**YOUR INSTRUCTIONS:** Look below for the line that has "We were the". Set down the lines from there through the line that has "Handwritten notes by", exactly as written.

**GIVEN RECORDS:**
★ ★ ★ ★ ★ ★ ★

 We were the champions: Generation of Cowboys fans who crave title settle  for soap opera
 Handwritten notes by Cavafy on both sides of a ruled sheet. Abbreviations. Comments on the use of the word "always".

★ ★ ★ ★ ★ ★ ★

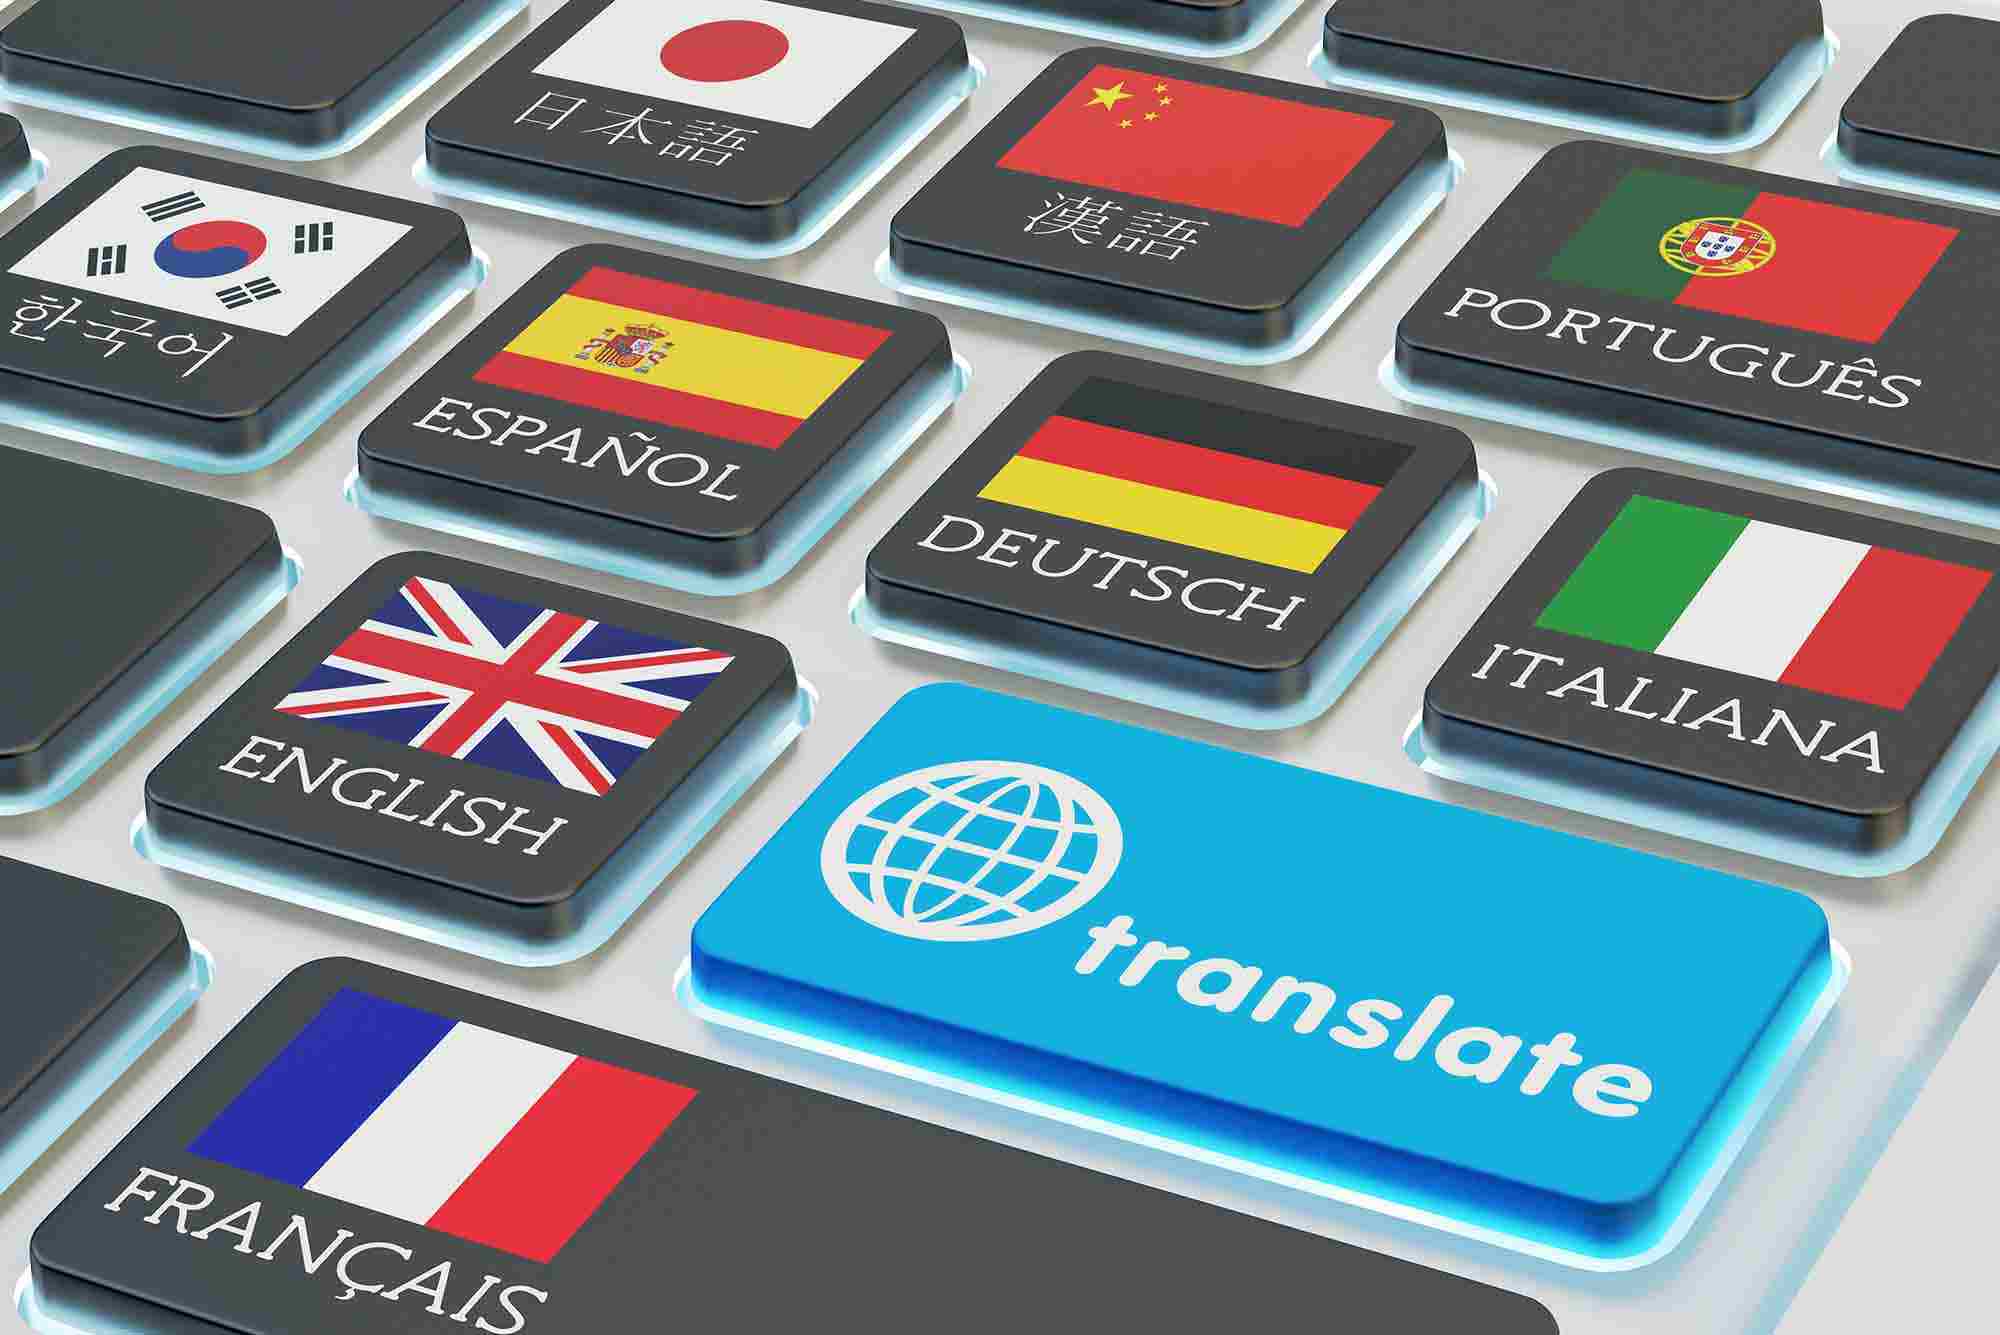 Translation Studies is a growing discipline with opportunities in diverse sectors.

★ ★ ★ ★ ★ ★ ★

**ANSWER TO THE EXERCISE:**
 We were the champions: Generation of Cowboys fans who crave title settle  for soap opera
 Handwritten notes by Cavafy on both sides of a ruled sheet. Abbreviations. Comments on the use of the word "always".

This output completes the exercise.